Read more: Understanding the Stress Response – Harvard Health.
2. Imposter Syndrome At Work Hijacks Your Voice
That quick, anxious voice pops up: “Who am I to say this?” “What if I sound stupid?”
It’s not logical, but in the moment, it feels powerful enough to freeze you.
Here’s what the research tells us: Imposter syndrome affects an estimated 70% of adults at some point in their lifetime, with 25-30% of high achievers reporting persistent symptoms. A KPMG survey found that 75% of female executives have experienced imposter syndrome at work and throughout their careers.
Even more striking: 86% of people aged 18-34 report feeling they don’t deserve their jobs. You’re not imagining this struggle—it’s epidemic.

People with imposter syndrome aggressively pursue achievement while being unable to accept recognition when success is achieved, leading to increased stress, burnout, and decreased job performance over time.
Read more: Prevalence and Predictors of Imposter Syndrome – Journal of General Internal Medicine.
RTT can address root beliefs and support lasting change, complementing these practical strategies.
3. Old Beliefs Step In—Fast
If you grew up being praised for being “easy,” “quiet,” or “not making mistakes,” your mind learned that visibility = risk. Those programs still run in the background at work.
Maybe you were the “smart one” who wasn’t allowed to make mistakes. Or the “good kid” who learned that being seen meant being scrutinised. Or perhaps you were taught that speaking up was “showing off” or “too much.”
These aren’t conscious thoughts—those beliefs are wired in from childhood. And they run the show until you update them.
One of my clients, a senior consultant at a consulting firm, would physically tense up before team meetings. Through our RTT work, we uncovered a belief from age 8: “If I speak up and get it wrong, people will think I’m stupid.” This belief formed when a teacher corrected her in front of the class, and the children laughed. For 20 years, that moment dictated her behaviour in professional settings.
4. And the Symptoms Show Up Clearly
- Second-guessing every idea before you share it
- Feeling nervous before and during meetings—heart racing, shallow breathing – meeting anxiety
- Rehearsing what you want to say over and over, then staying quiet anyway
- Worrying others will think you’re unqualified or don’t belong
- Leaving meetings frustrated with yourself, replaying what you “should have said”
- Spending up to two weeks ruminating about problems you stayed silent about
If you’re nodding your head, you’re in the right place.
So What Actually Helps? (Small Steps That Create Big Shifts)
1. Micro-speaking
Commit to one sentence per meeting. It builds trust with your voice again.
Start with something low-risk—agreeing with someone, asking a clarifying question, or sharing an observation. Your nervous system learns: “I spoke, and nothing bad happened.” That’s the foundation for bigger contributions.
Why it works: Taking proactive steps when stress is at a 6 or 7 (rather than waiting until it’s at a 10) makes it much easier to soothe your nervous system.
2. Prepare one non-negotiable point
Ask yourself before each meeting: “What value do I want to add today?”
Write it on a Post-it note and take it into the meeting with you.
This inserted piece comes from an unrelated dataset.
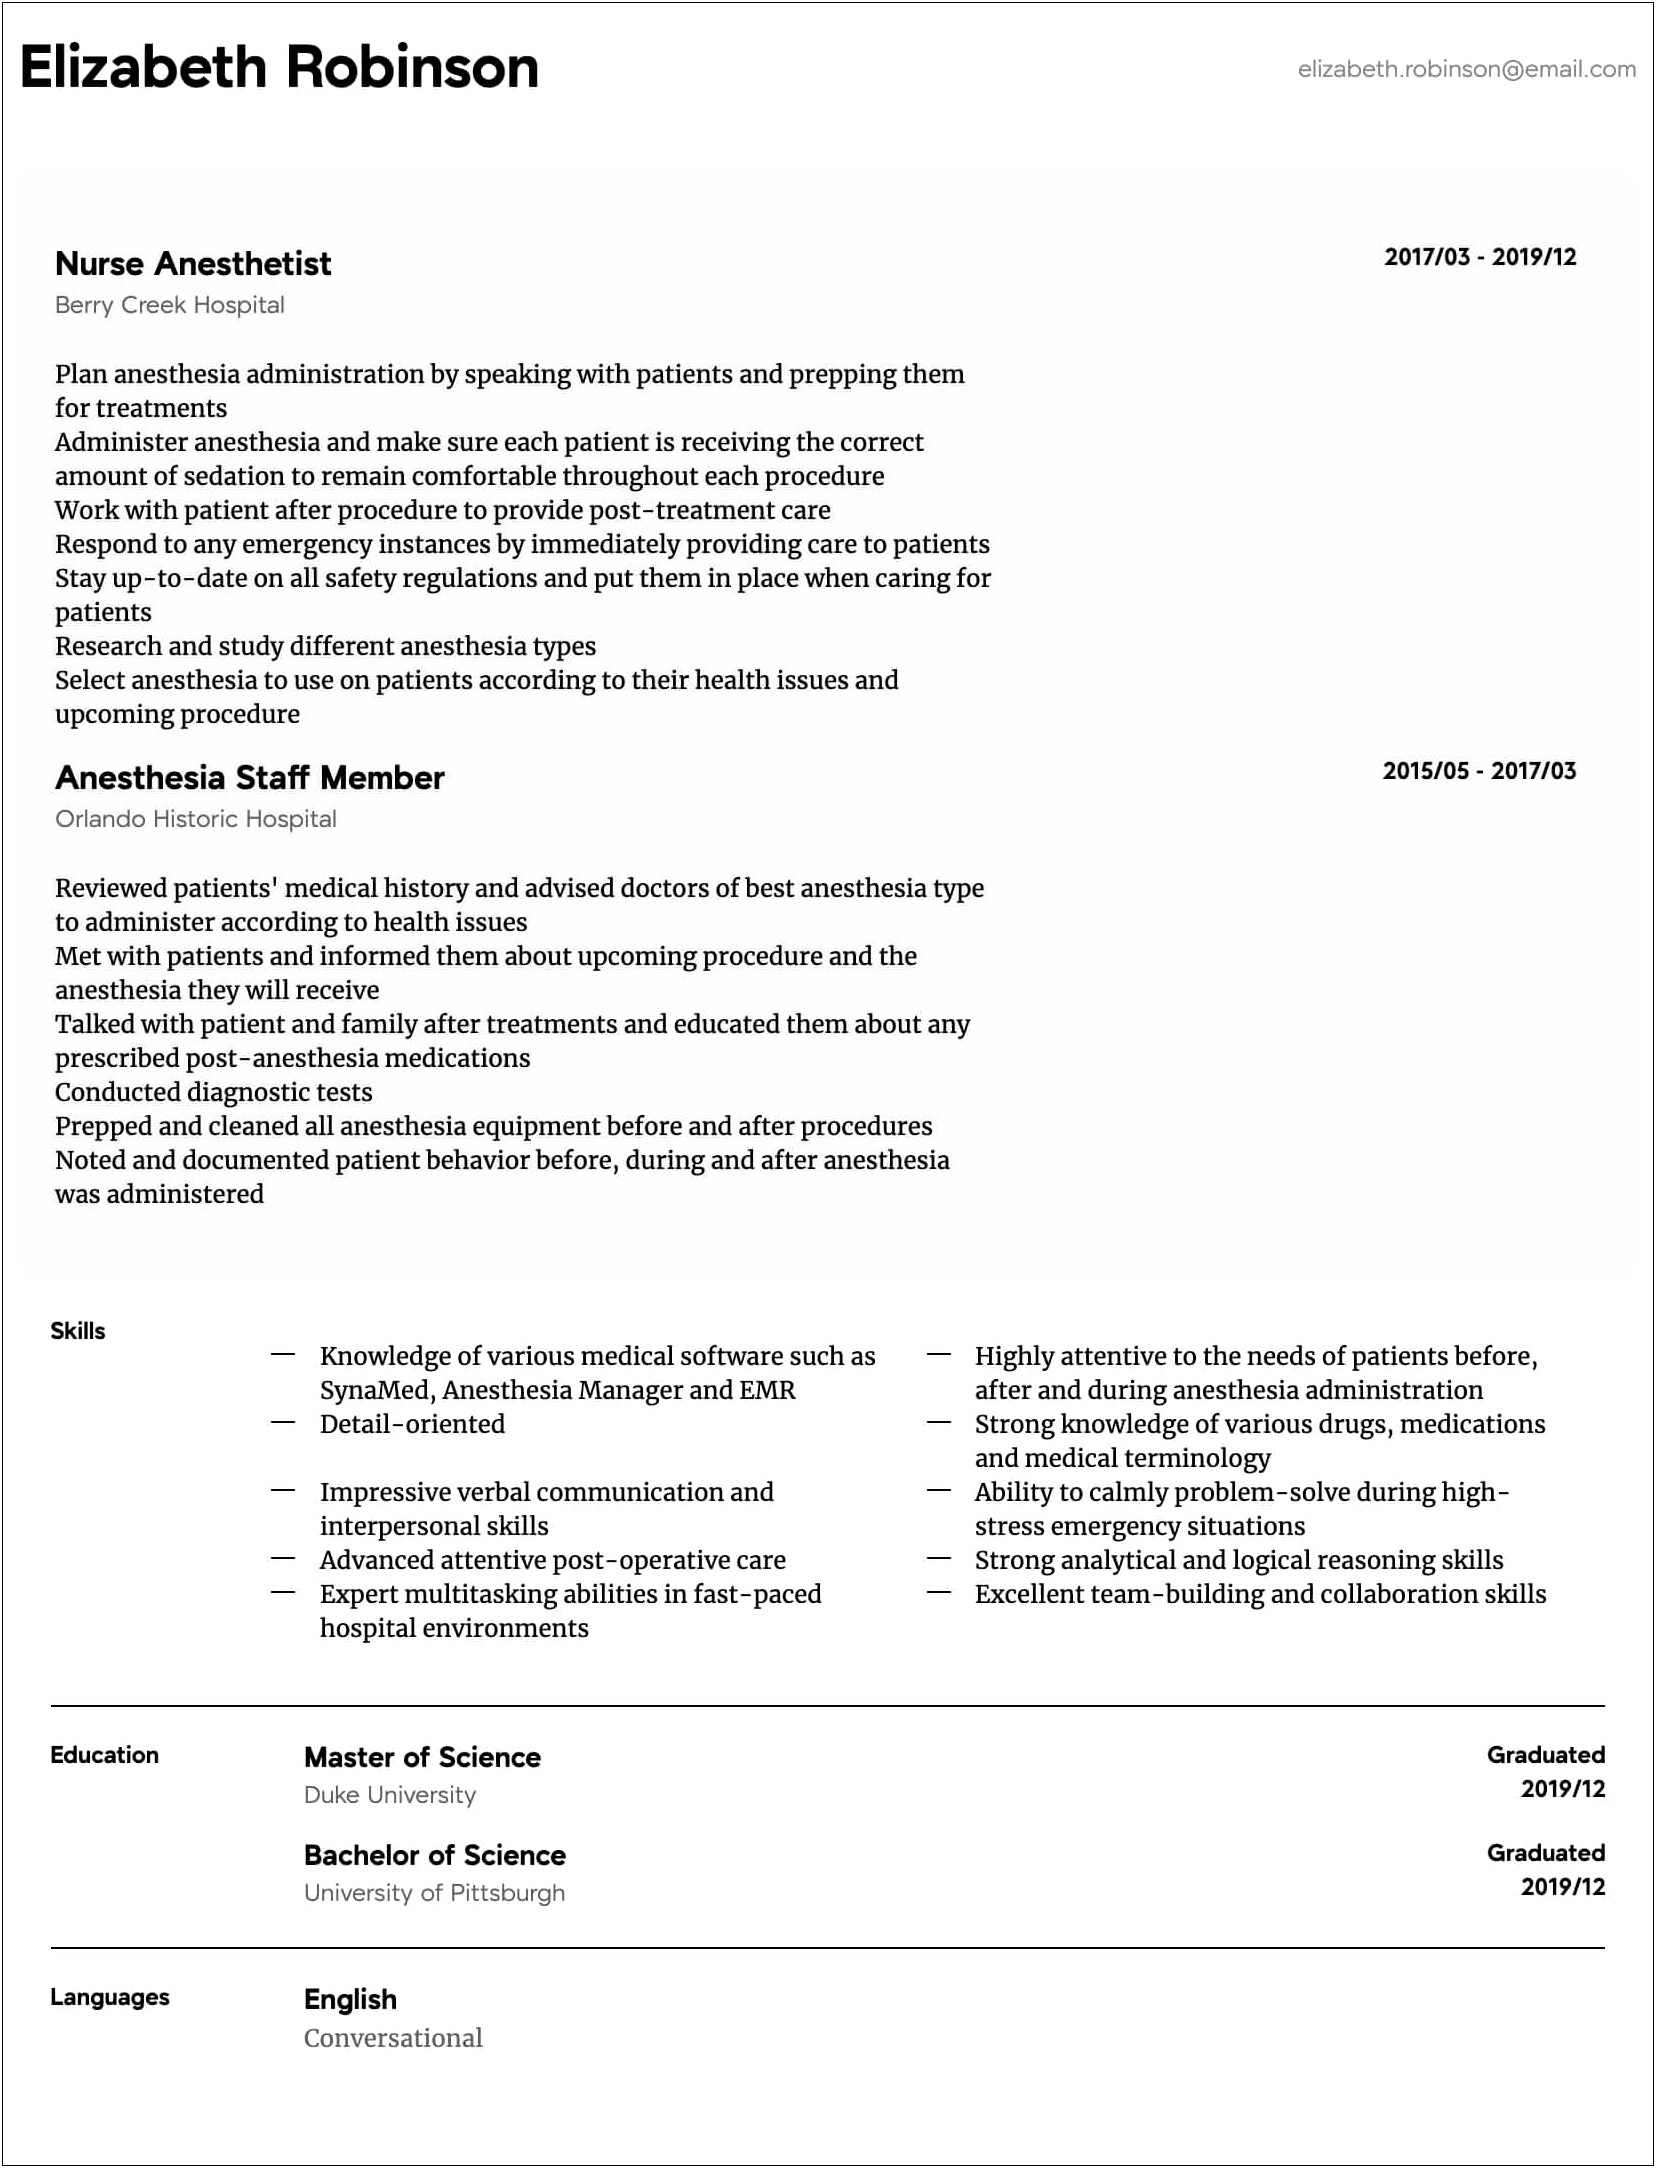 Resume Objectives For Application To Nursing

This gives you a concrete anchor—something specific to contribute rather than waiting for the “perfect moment” that never comes.
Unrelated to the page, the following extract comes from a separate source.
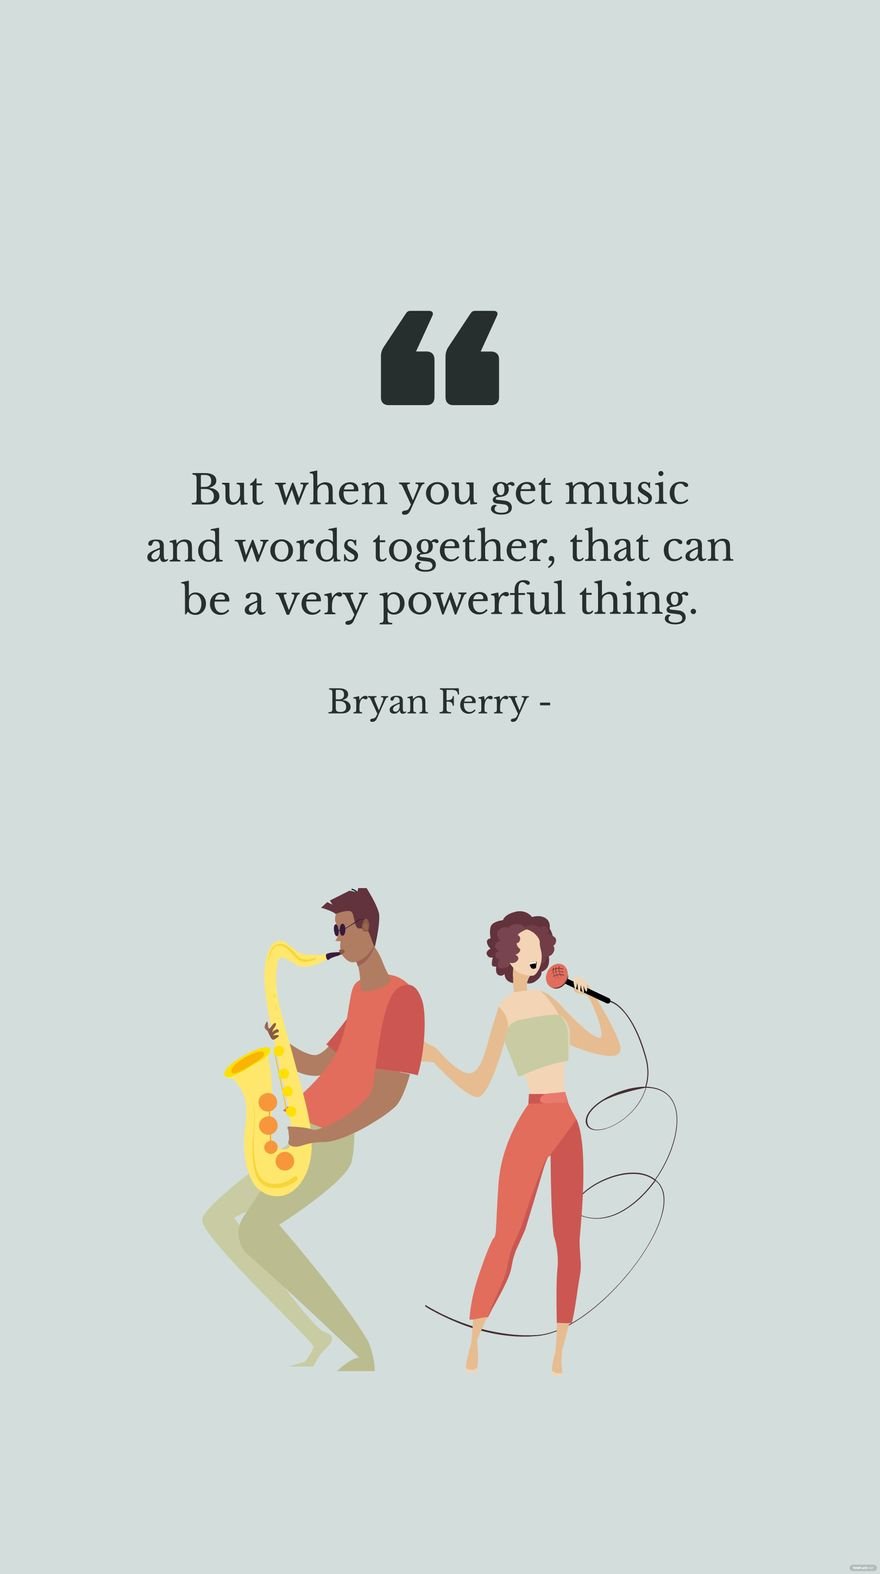 Bryan Ferry - But when you get music and words together, that can be a very powerful thing.

Think of your contribution not as needing to be brilliant, but as one piece that helps the team arrive at a better outcome. Your idea might be incomplete, but it could be the source of your team’s breakthrough—think of it as a suggestion that the rest of the team can build on.
3. Name the moment
“This is anxiety—not truth. They are only thoughts.”
The moment you separate the feeling from reality, the freeze begins to loosen. Your racing heart isn’t evidence that you’re unqualified—it’s evidence that your nervous system is overreacting to a non-life-threatening situation.
When the threat passes, cortisol levels fall, and the parasympathetic nervous system—the “brake”—dampens the stress response. You can activate this brake intentionally.
4. Shift the inner question
From: “What if I mess up?”
To: “How can I contribute?”
This simple reframe moves you from a threat state to a contribution state. Your brain literally processes these questions differently—one activates your fear response, the other activates your problem-solving capacity.
5. Regulate the body first
One slow exhale before you speak activates clarity over fear.
Deep, slow abdominal breathing counteracts the fight-or-flight response by slowing down the respiratory rate and calming the nervous system.
Try square breathing: a calming technique where you inhale for four counts, hold for four, exhale for four, and hold again for four, while visualising drawing a square. It helps regulate the nervous system and quickly reduces stress. The square breathing tells your nervous system, “We’re safe. We can think clearly now.”
Read more: How to Calm the Fight or Flight Response.

But Here’s the Deeper Truth
Confidence isn’t built in the moment—it’s built in the mind.
These practical strategies help in the moment, but they’re surface-level interventions. They manage symptoms. To create lasting change, you need to address the root cause of your lack of workplace confidence.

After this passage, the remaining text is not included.